With the jury out of the room, Carter ruled in favor of Browning, citing the fact that Patty had voluntarily taken the stand. By testifying about her activities before and after the mysterious year under question, she opened herself up to cross-examination on the entire period.

His face flushing, Bailey leaped to his feet. Claiming that Carter was "clearly in error," he pointed out that Patty had testified about certain events after the robbery, such as her stay with S.L.A. Members William and Emily Harris in a Pennsylvania farmhouse, only because Carter had permitted the prosecution to enter such evidence in the first place.
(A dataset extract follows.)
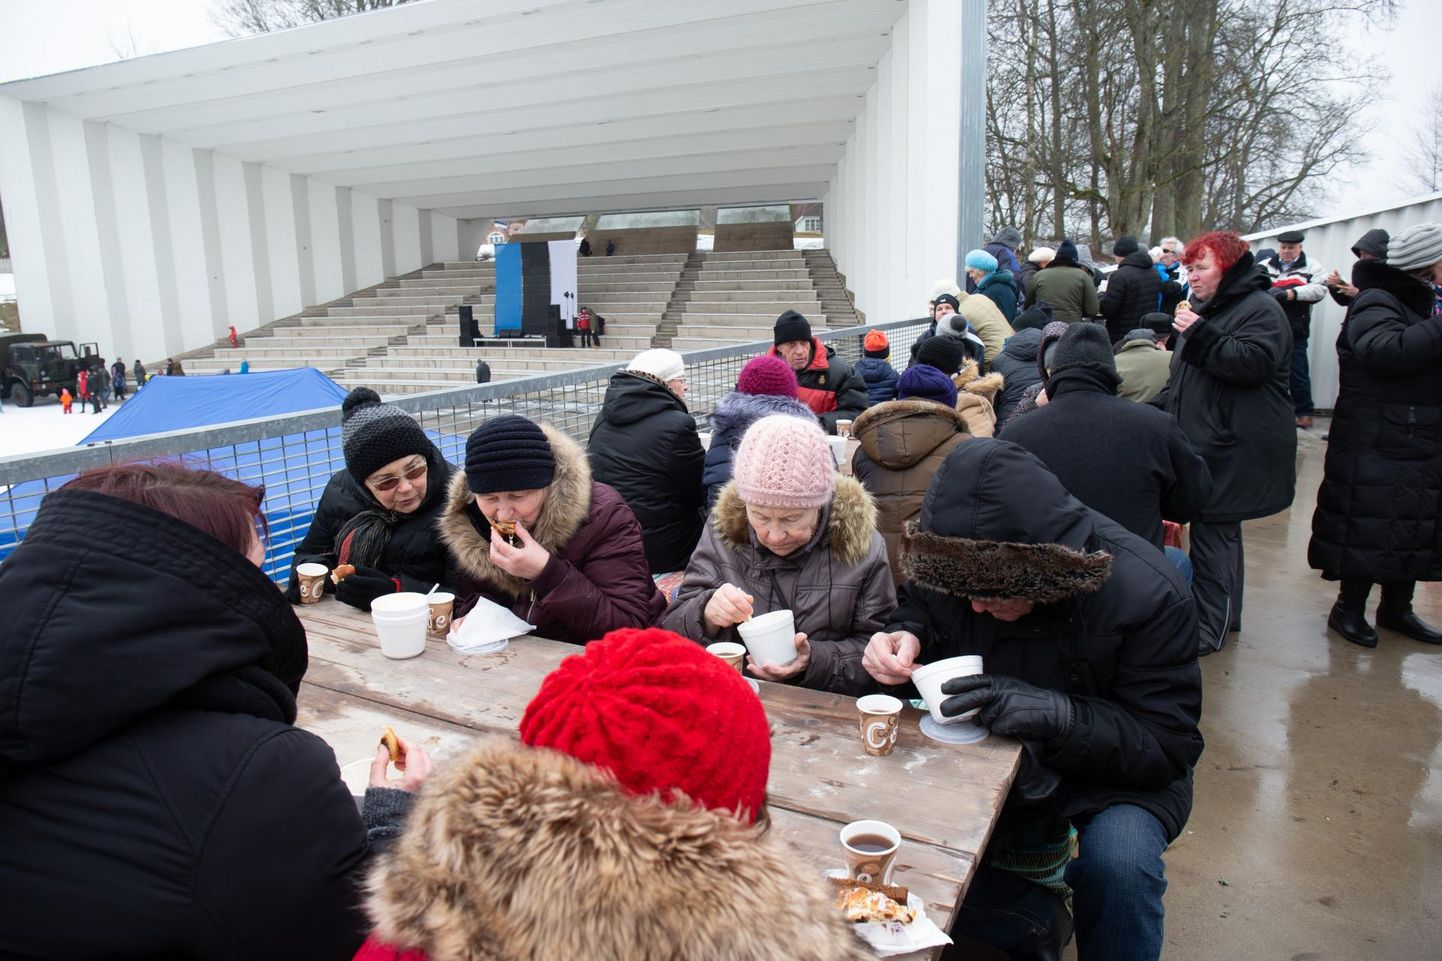 Ühine supi- ja kringlisöömine on olnud aastaid Viljandis riigi aastapäeva tavade seas.

"Now, Mr. Bailey," said Carter, "nobody made her take the witness stand. She did not have to take the stand."

His voice rising, Bailey said that if Patty were to respond to the prosecution, "she would name people still on the street capable of homicide who would retaliate against her [and her family]." Alluding to threats that had recently been made against Patty and her parents, Bailey hotly told Carter: "I do not think that you can in good conscience, as a human being—that you can require her to sit up here and invite someone to carry out those threats." Bailey then said he would ask the judge to suspend the trial while the defense appealed his ruling to the 9th Circuit Court of Appeals.

"Mr. Bailey," said Carter, "I deny your motion. You can go to the 9th Circuit if you desire. Have at it." (Bailey is holding his appeal pending the outcome of the trial.)